Debra Darvick
enhance your now in word and imageKIDS @ HEART
BEFORE NOW
This Tickled Me

Another grey cloudy dreary winter day here in Michigrim. I pulled into a space in Kroger’s parking lot, fumbled for my list, and wished, not for the first time to see the sun again.
Then I saw this car smiling at me. Windshield wipers askew, a double smile on the hood, its little window-washer-jet eyes further anthromorphizing the image of a happy little being. I couldn’t help but smile back.
If a car can be happy despite its wonky wipers, I can surely weather another gray sky. Sometimes all it takes is a second look to shift one’s mood.
Forever Blowing Bubbles

Doing dishes can be boring. But not when you use the detachable rim of your smoothie cup for a bubble wand! Even my cabinet pulls and handle were fascinated!
I adore bubbles. They are totally magical. They defy gravity. They’re iridescent. A bubble is a perfect sphere sandwich of water and soap molecules. When we were nine, my cousin Sharon taught me how to blow bubbles using my hand as a wand.
1. Submerge your fist in soapy water.
2. Open your fist slowly, keeping your fingers pressed together and your index finger and thumb in contact.
3. You should see a film of soap in the circle formed by your forefinger and thumb. Blow gently and magic! Your first hand-made bubble.
photo credit: Martin Darvick
To Dye For

I love getting messy with Leah and Olivia. Stomping in rain puddles, playing with finger paint, squeezing Play-Doh® through our fingers…Bring it on!
While I had to be in charge of the messy part of tie dying the T-shirts, Olivia helped twist the rubber bands and held the “rabbits’ ears” of bunched fabric for me to bind. We dipped the shirts in the bucket of dye, stirred them round and round à la Macbeth’s witches. What a flashback to my high school years when sleep-overs were prime tie dye time — shirts, shorts, undies, you name it, we tie-dyed it. We made a (quasi) matching one for Leah and an extra for Olivia to keep or give as a gift. And I have a new night shirt. No matching undies however.
Double the Pleasure

Last weekend my son took me out in his family’s new vehicle — an electric bike/people transporter. Imagine a souped-up 21st century rickshaw where rider and passengers have traded places.
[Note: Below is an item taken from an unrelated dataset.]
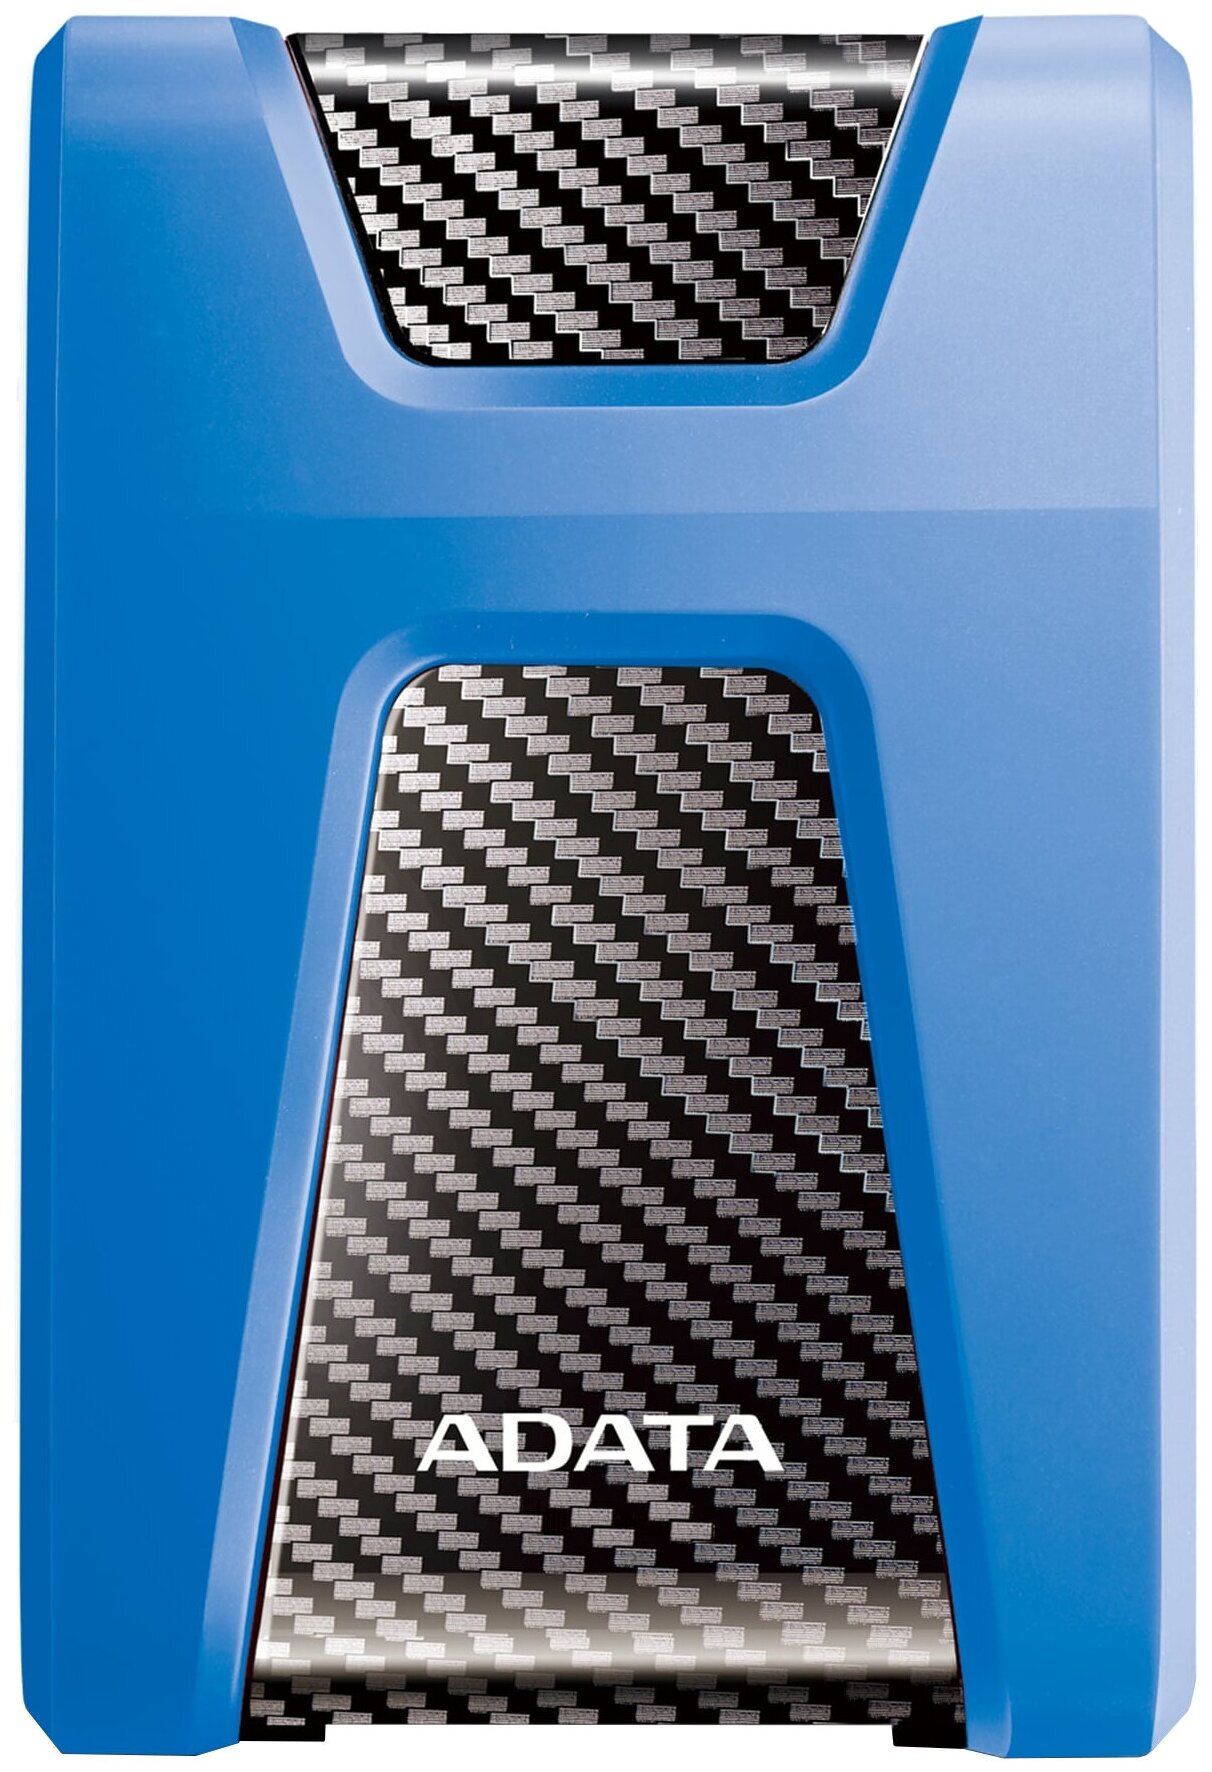 Жесткий диск A-Data USB 3.0 2Tb AHD650-2TU31-CBL HD650 DashDrive Durable 2.5" синий

Olivia and I nestled ourselves in the passenger bucket while Elliot rode us along Chicago’s lake shore. It was totally cool, a lot of fun, a little bumpy and we definitely drew looks and quite a few thumbs up. I don’t know if she’ll remember this maiden ride, but I will never forget it.
photo (edited for privacy) courtesy of Martin Darvick
Beach Trash Transformed into Art


“Beach Trash on Shutters”

Someone snapped this of me and said it looked like I had just stepped out of the painting. Maybe I was looking for a way back in?
Not a Quilting Bee, and Yet….

Monday evening I did something I haven’t done since Covid, and maybe even a few years before that. Some girlfriends and I got together to assemble welcome baskets for guests of a friend’s daughter who’s getting married this weekend. The bride asked us to be environmentally mindful — no extra tissue, no plastic water bottles, no extra wrapping. After two plus years of fraught deicsions over masks, vaccines, boosters, plane rides and socializing, choosing between granola bars and pop corn, chocolates and trail mixes was a balm.
We organized everything assembly-line style — bags, labels, water boxes, treats, ribbons, and a group gift for the bride. Before setting to work we did something so very commonplace pre-Covid: we shared some pizzas, salad and fabulous homemade almond cookies (thank you, Tim.) It was a thrill to catch up with one another, weaving our shared excitment into an embrace for our friend. Her husband is quite ill; our joy is also threaded with strands of sorrow.
In our card to the bride, we thanked her for getting married and giving us an opportunity to celebrate her joy. Within the void of what Covid has taken away, assembling welcome baskets was burnished with even deeper joy.